> [WHAT IS NEEDED]
Below are the records. Retype exactly the lines between the lines holding "Nice slim semi-automatic" and "Made in Blender 3d model", inclusive.

─── STUDY MATERIAL ───

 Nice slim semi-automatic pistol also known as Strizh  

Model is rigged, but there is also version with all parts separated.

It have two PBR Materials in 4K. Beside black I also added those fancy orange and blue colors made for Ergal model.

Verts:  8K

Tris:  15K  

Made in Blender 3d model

───
─── STUDY MATERIAL ───

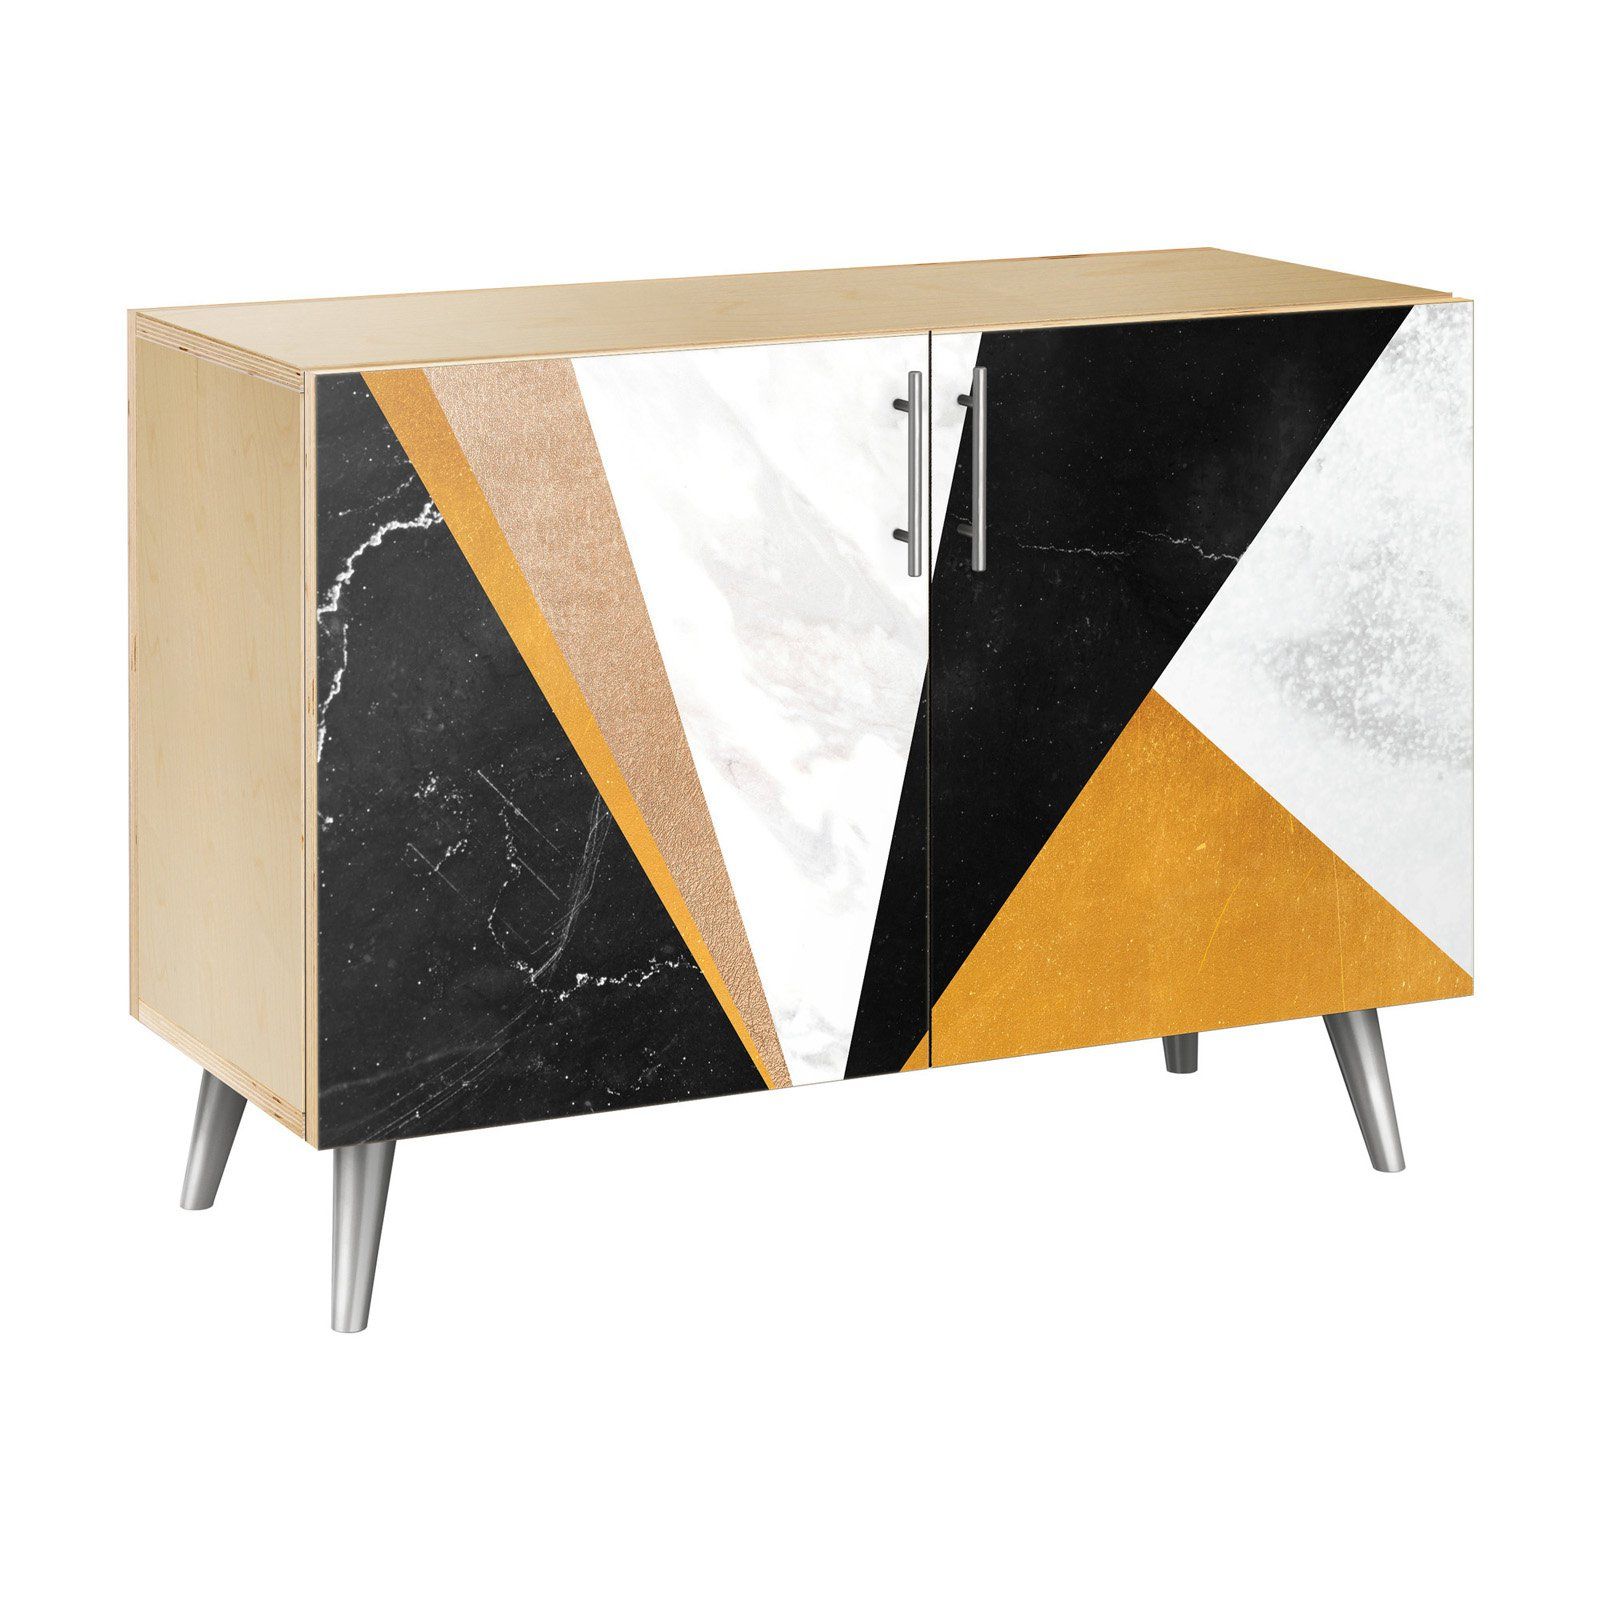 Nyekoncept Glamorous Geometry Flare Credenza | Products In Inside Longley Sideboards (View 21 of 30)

───

> [WRITTEN RESPONSE]
 Nice slim semi-automatic pistol also known as Strizh  

Model is rigged, but there is also version with all parts separated.

It have two PBR Materials in 4K. Beside black I also added those fancy orange and blue colors made for Ergal model.

Verts:  8K

Tris:  15K  

Made in Blender 3d model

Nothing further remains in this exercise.